In season of colds, flu, ear infections, we need to fight antibiotic overuse

As the East Coast digs out from the big snow, winds, and the freezing weather, many around us also will be coming down with colds and flu. Public health officials forecast the infections of the seasonal illnesses will markedly increase in the days ahead. It’s a perfect time to talk about antibiotics. In brief, they don’t work against the virus-caused flu; they’re not recommended for most colds, which also are virus-caused, and many bronchial conditions. Don’t think about them to medicate kids’ ear infections. We all need to join in the campaign to curb overuse of invaluable antibiotics — and here are some reminders how and why.

The Centers for Disease Control and Prevention recently joined with the American College of Physicians to issue new guidelines, urging caregivers to be careful in prescribing antibiotics, even for more severe bronchial infections. Here’s why:

Antibiotics are prescribed at more than 100 million adult ambulatory care visits annually, and 41% of these prescriptions are for respiratory conditions (1). Inappropriate antibiotic use for [acute respiratory tract infections] is an important contributor to antibiotic resistance, an urgent public health threat (2). In the United States, at least 2 million antibiotic-resistant illnesses and 23 000 deaths occur each year, at a cost to the U.S. economy of at least $30 billion (2). Increased community use of antibiotics is highly correlated with emerging antibiotic-resistant infections. In places with greater prescribing of broad-spectrum antibiotics … rates of multidrug-resistant pneumococcal disease are higher. …

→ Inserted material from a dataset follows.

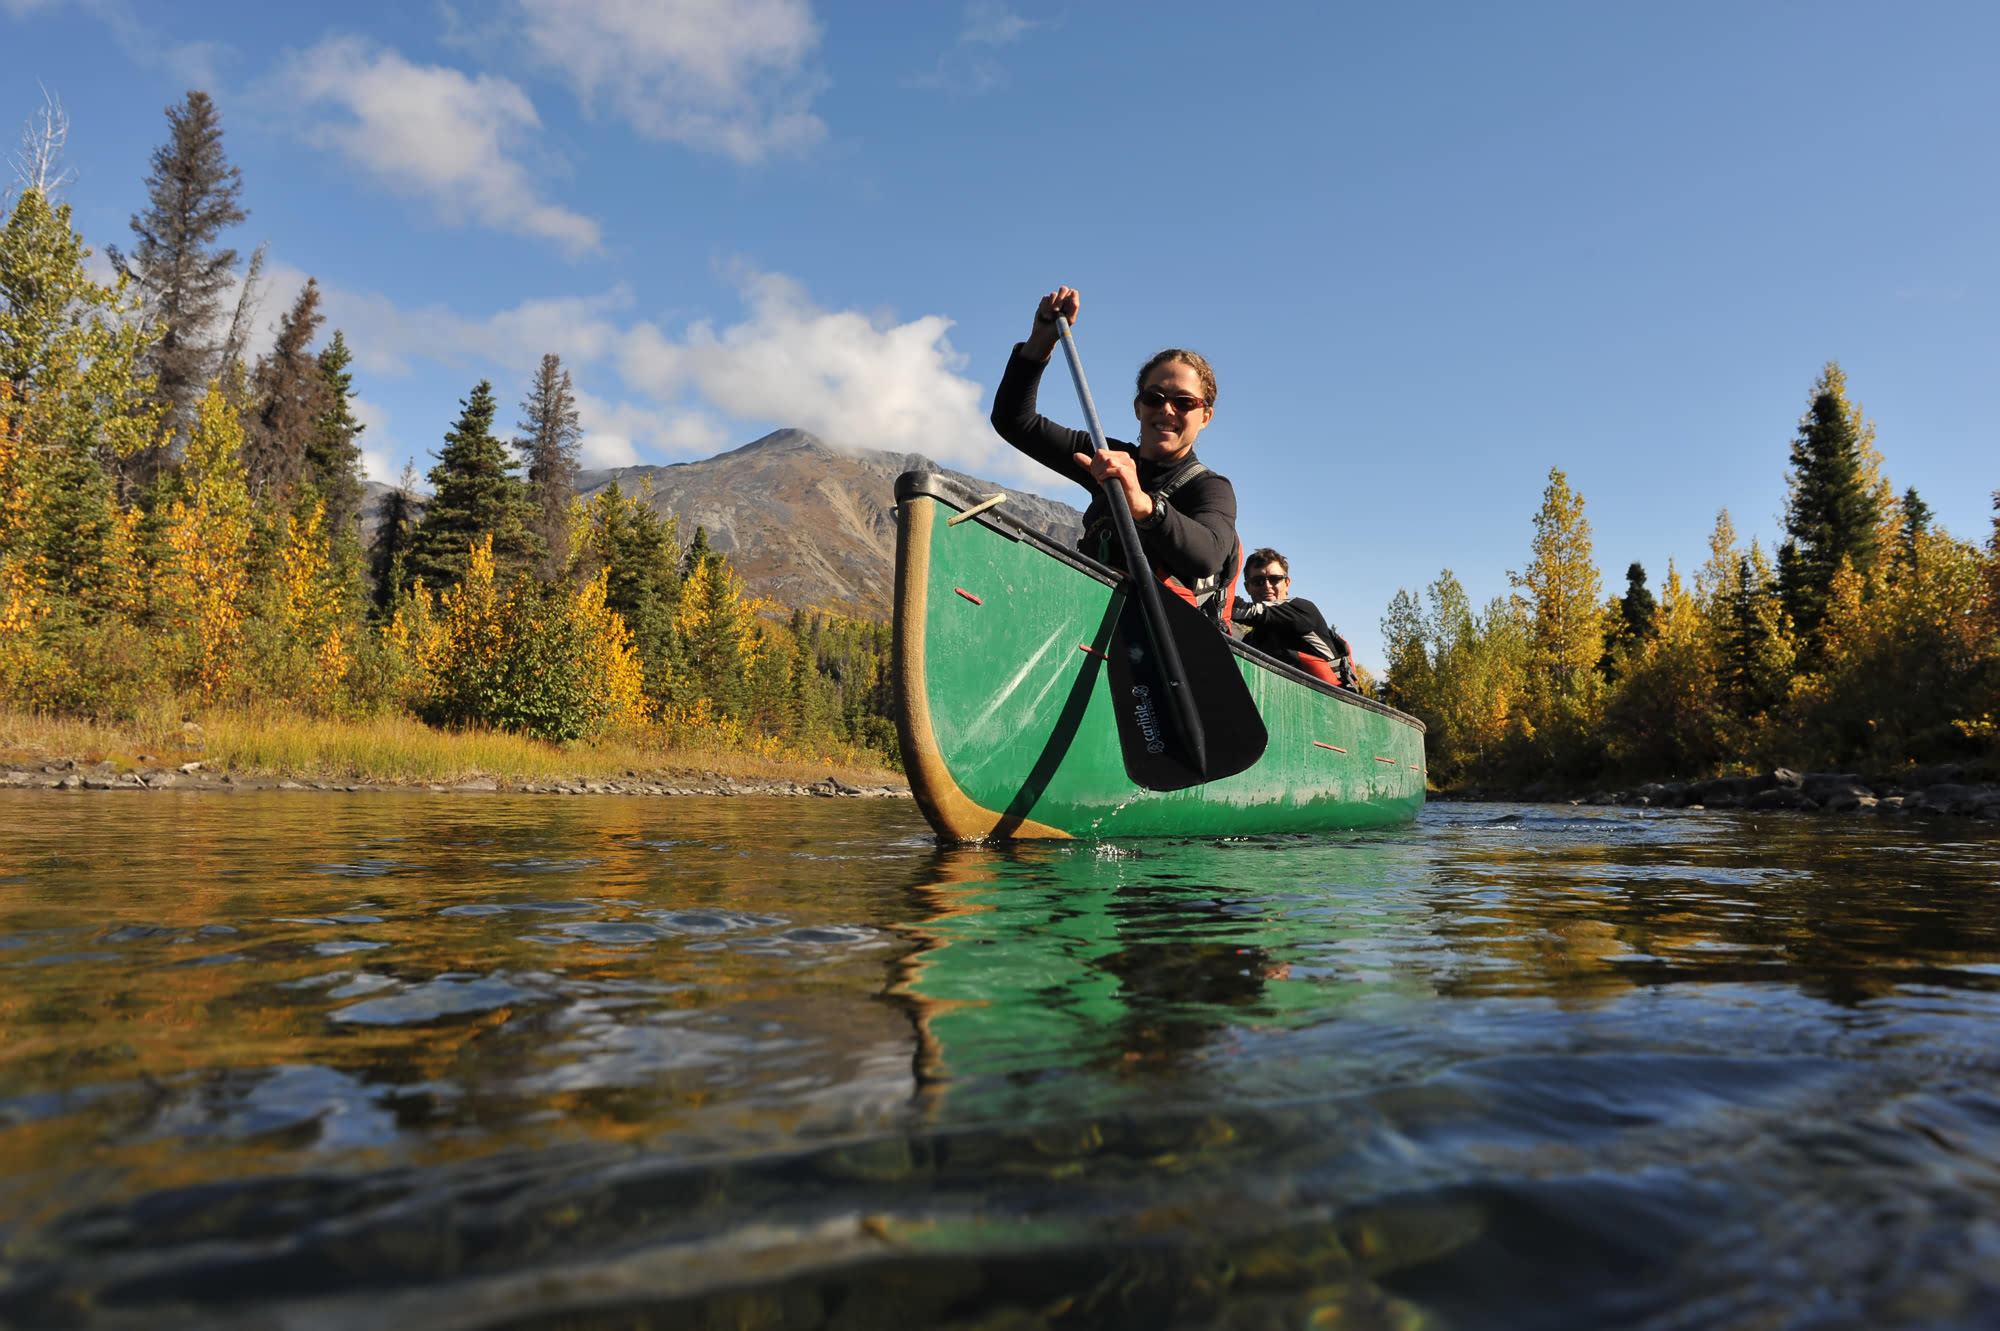 Canoe Yukon adventures

Professional groups of pediatricians and family physicians, just to remind, have warned against wasteful, ineffective, and potentially harmful prescribing of antibiotics for kids with ear infections.

The rampant overuse of antibiotics, scientists say, has led to the rise of antimicrobial resistance that has become a global health threat. Breeders have fed the medications freely to produce bigger pigs and cattle that fetch higher market prices. But this only has helped to make drug-resistant superbugs a spreading bane, creating havoc in hospitals and caregiving institutions (nursing homes), as well as public spaces like gyms where kids and athletes work out and contract MRSA infections. Global antibiotic overuse, one research study recently calculated, could create a “doomsday scenario” in which no effective antimicrobial treatments are available:

Under this scenario, hospital-acquired infections and other diseases like HIV, TB and malaria would be beyond the reach of medical help. We found that this scenario would cost the world 444 million adults by the year 2050. This decrease in global population would translate into an annual loss to the world economy of up to $3 trillion, or roughly the equivalent of the current combined annual output of New York and Texas.

Fast food chains, never operations eager to forego a buck nor to accept anything but the most expeditious supply, have stepped up and many slowly are committing to serving only antibiotic-free beef and chicken. Big Pharma, in my view, operates only rarely with benevolence and broad interests beyond the monetary. But the antibiotic crisis is so grave that dozens of companies have committed to developing new medications and therapies.

It’s good to know that global efforts are under way to address antibiotic overuse and its potentially dire consequences. As I have written, Congress and the Obama Administration significantly increased federal health care funding as part of a hectic, end-of-year budget action. Some of the increased funding will support efforts to combat antibiotic overuse and superbugs. This is a pitched battle that we cannot afford to lose and in which we all need to do our part.